Roscommon Animal Shelter
Prudenville, MI
989-366-0260 
[email protected]


----------



## mylissyk (Feb 25, 2007)

How very sad that a special Olympics competitor didn't have anyone that would help him take care of his dog, but even more sad that poor Kasey actually seems to be getting better care in the shelter than with his owner.

I'll email the MI rescues.


----------



## Spartan Mom (Jun 18, 2009)

I posted Kasey in the Senior Saturday post on the PetFinder forums. This is one of the saddest reasons for surrendering a pet that I have seen in a long time. Pruddenville is a small town (pop. 1700) in a rural county in Michigan. It is not a wealthy area by any means, but seems like a "family values" type of place. I can't believe no one could care for Kasey when his owner competed in the Special Olympics.


----------



## scottbldr (Aug 29, 2009)

I've forwarded the information to a friend that is looking for a rescue golden.

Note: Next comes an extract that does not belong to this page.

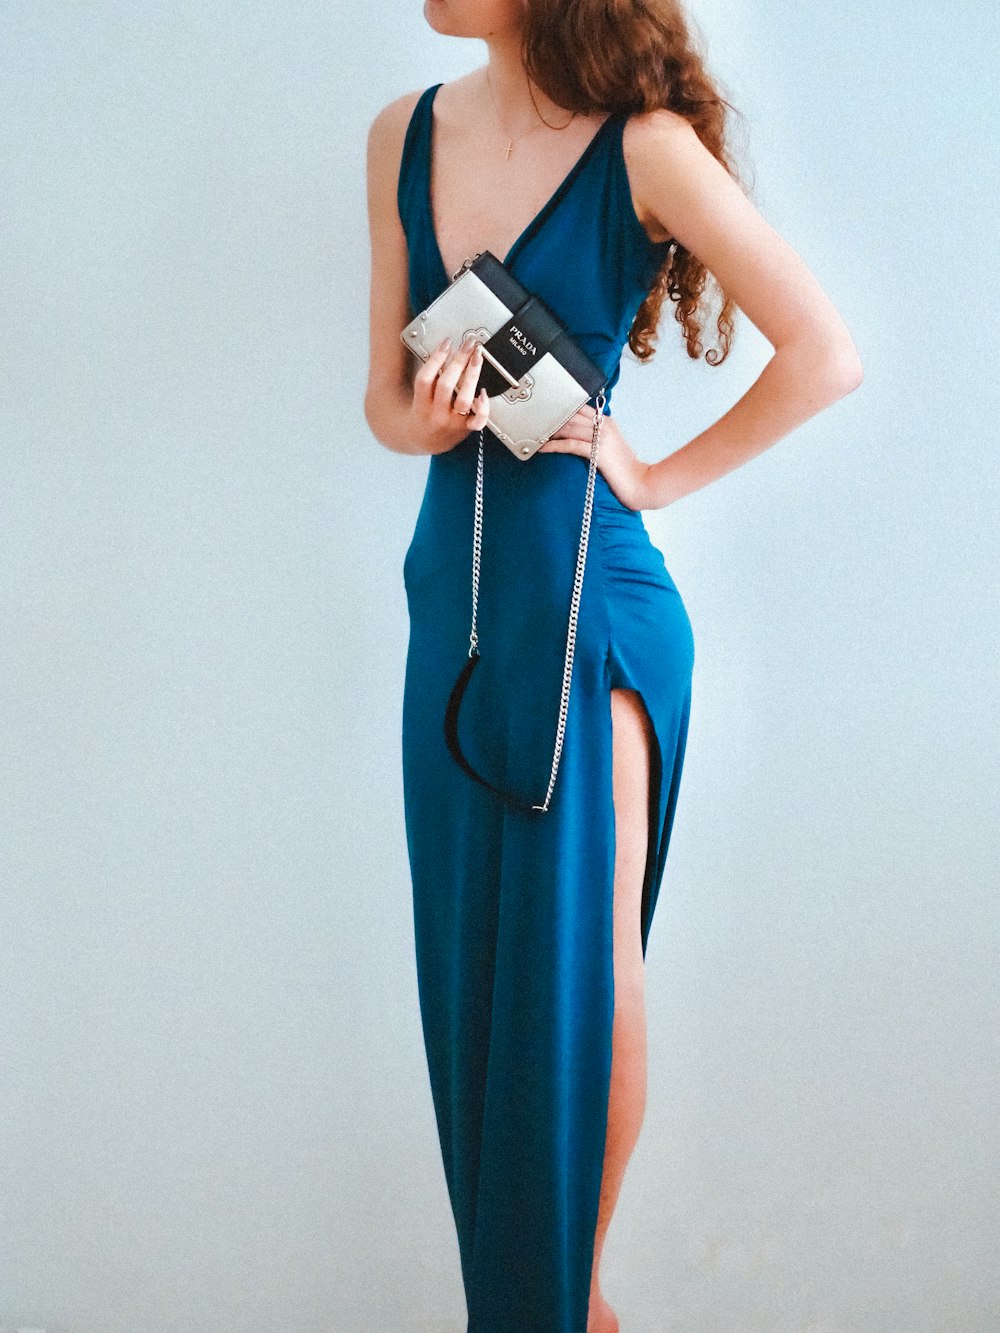 woman in blue sleeveless dress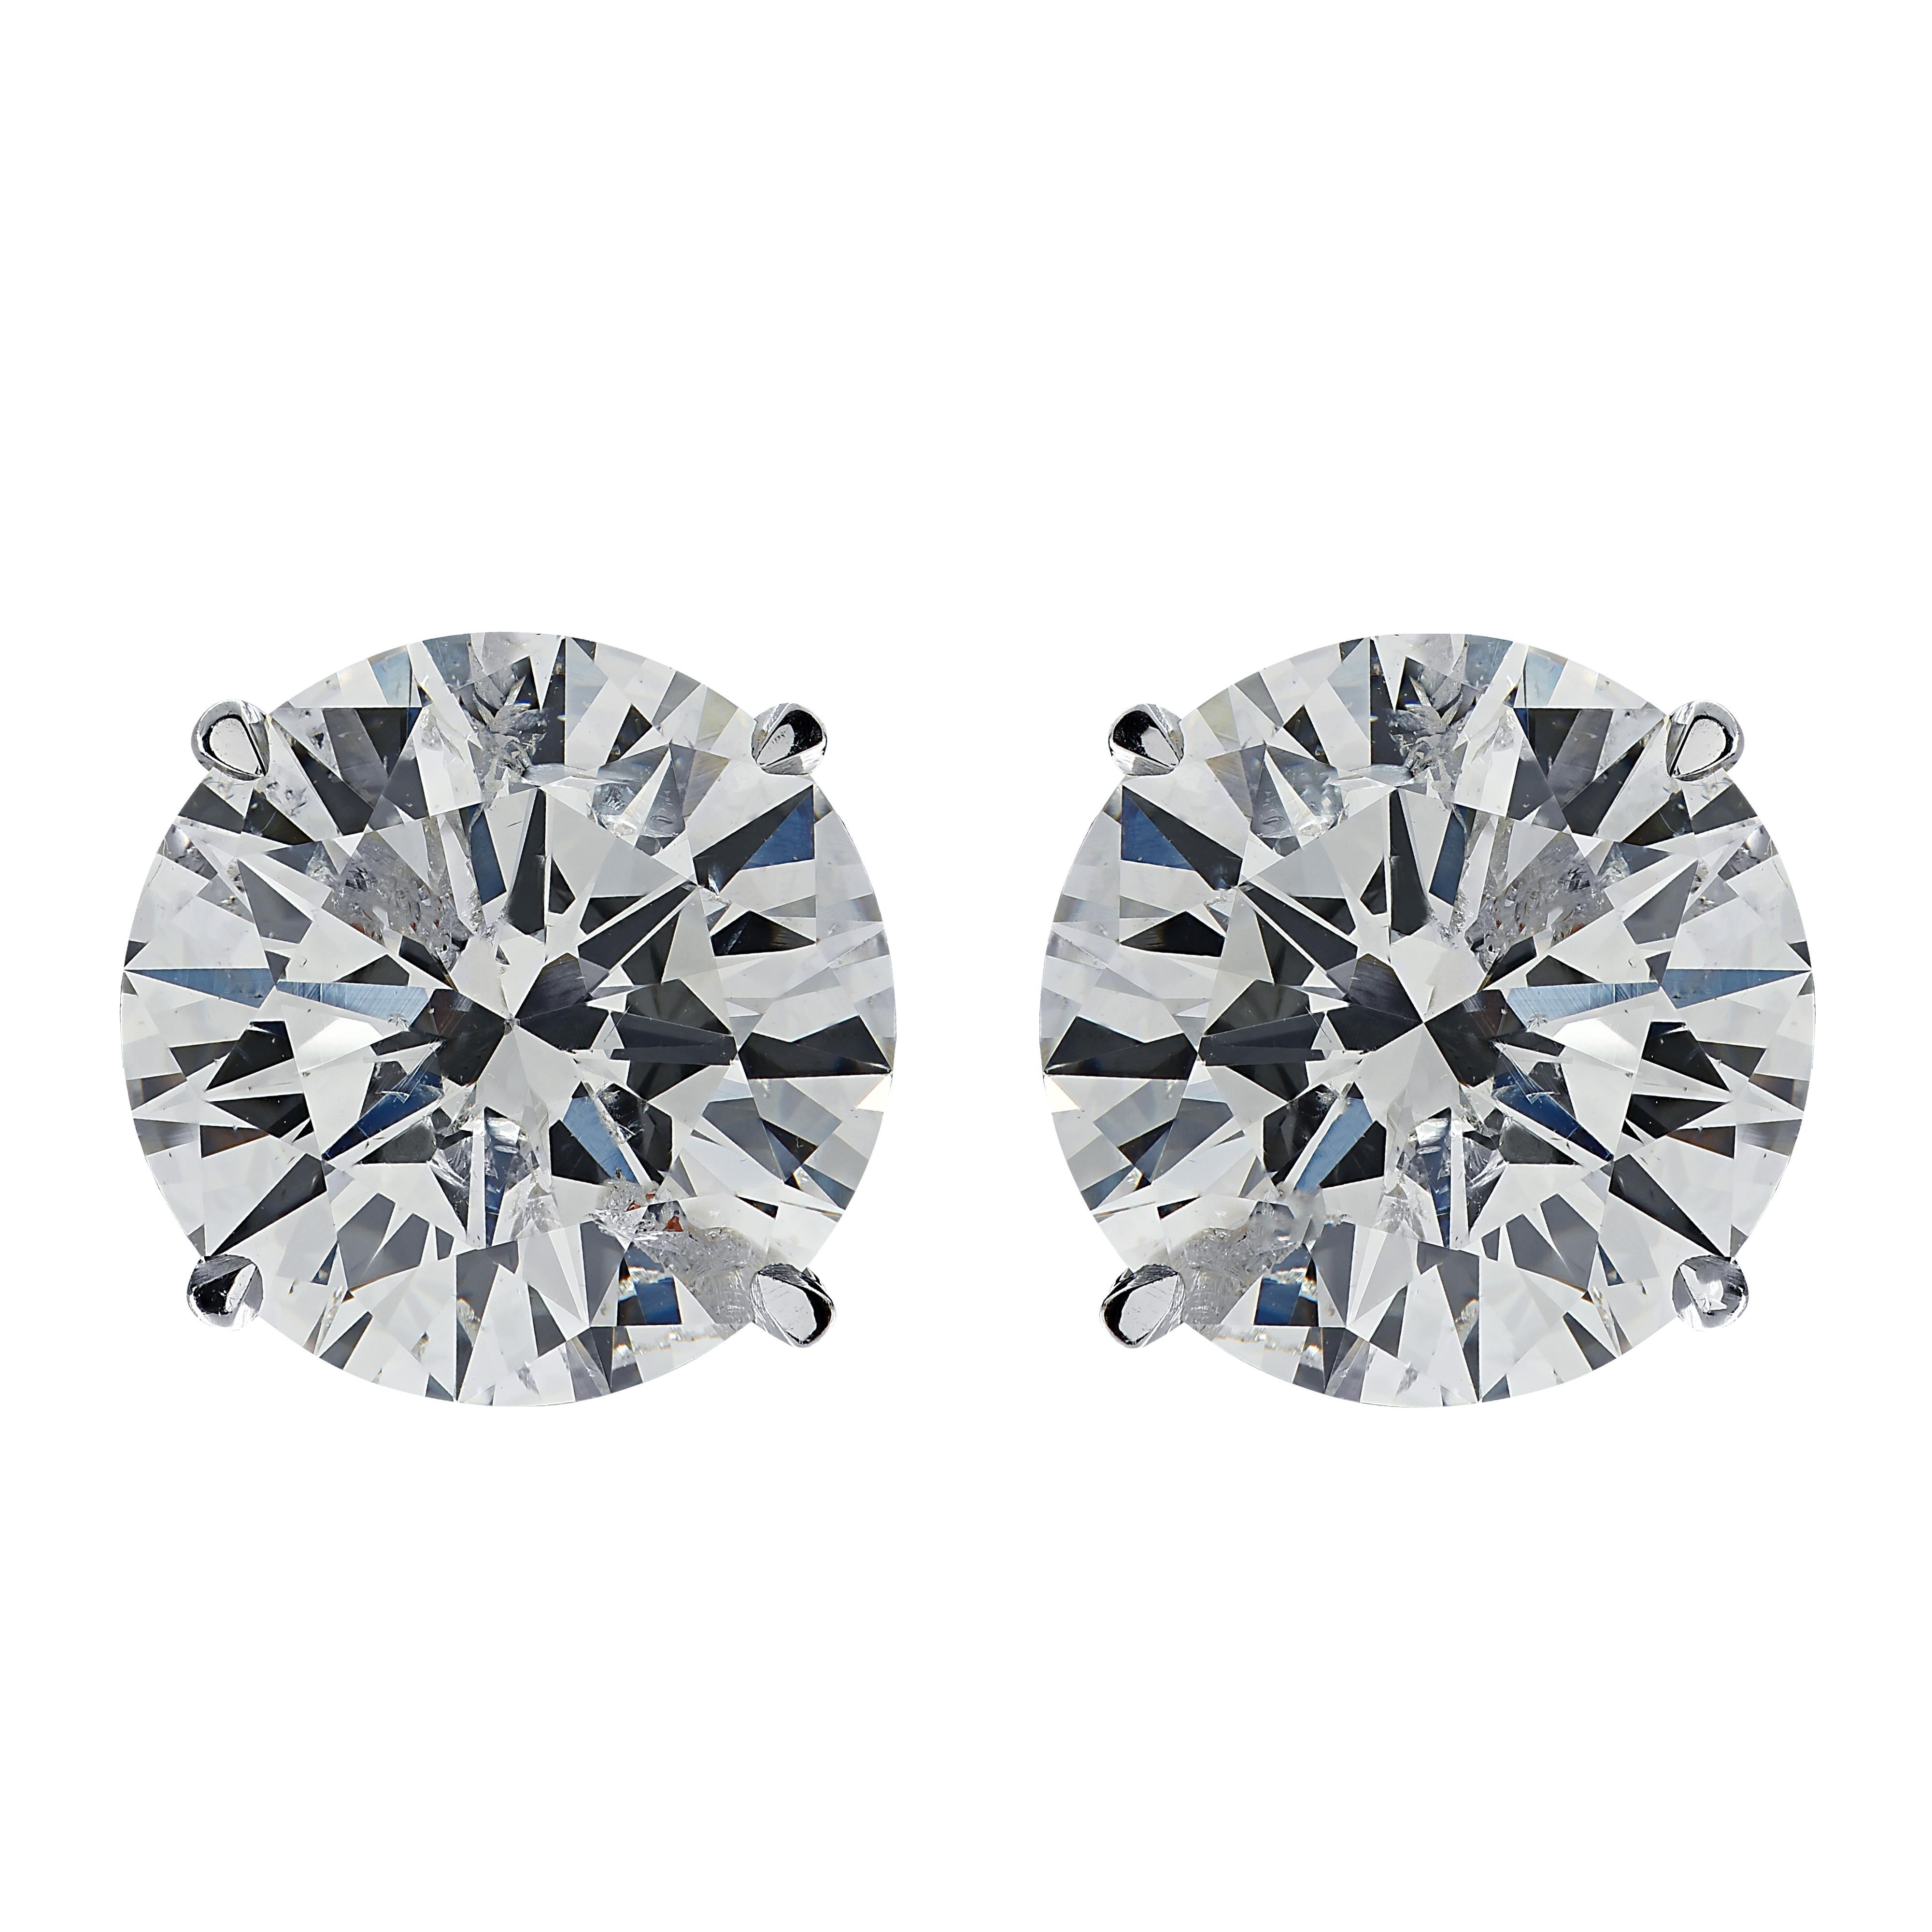 Modern Vivid Diamonds 4.44 Carat Diamond Solitaire Stud Earrings

Kasey's story just breaks my heart.

Thanks so much for posting.

Robert


----------



## Karen519 (Aug 21, 2006)

*Update*

Thank you for forwarding to your friend and I really hope she adopts him that would be the best option.
GRROM in Michigan said they will be getting Kasey, maybe tomorrow, but if your friend wants to adopt him please, that would be even better.
Than she can let Karen [email protected] at GRROm know.


----------



## Karen519 (Aug 21, 2006)

*Scott*

Scott

Got your pm. It would be so WONDERFUL if your friend wanted to give Kasey a loving home
I live in IL and was just emlg. rescues for Kasey.
I just emld. GRROM TO see if they picked up Kasey yet and told them about your friend.

Your Friend can also contact them and express an interest in adopting him.
http://www.petfinder.com/shelterSearch/shelterSearch.cgi?shelterid=MI329
Not sure if Kasey is still at shelter or at GRROM
Do you want to call the shelter and ask.


----------



## Karen519 (Aug 21, 2006)

*Kasey*

Kasey

I heard from Karen at GRROM and they did not end up taking Kasey, but Karen
said *that Last Chance Rescue is supposed to get him today.*
I hope your friend will call Last Chance and apply to adopt him-wouldn't that be wonderful for Kasey!!!!

*This must be the Last Chance Rescue site:
http://www.lastchancerescue.org/*


----------



## Maxs Mom (Mar 22, 2008)

Karen519 said:


> Kasey
> 
> I heard from Karen at GRROM and they did not end up taking Kasey, but Karen
> said that Last Chance Rescue is supposed to get him today.
> ...


I know Karen at GRROM I met her when I was showing horses. She does WONDERFUL work for Goldens in MI. There is a GRROM adopted dog in our neighborhood. I met last summer taking Belle and Max for a walk. 

I hope Kasey gets adopted very soon. 

Ann


----------



## Karen519 (Aug 21, 2006)

*Maxs Mom*

Maxs Mom

I am glad you met Karen from GRROM. Karen and I have exchanged many emails, because I always email her about Michigan Golden Rets. in High Kill Shelters and she is always so nice and willing to help-think she is an angel!!


----------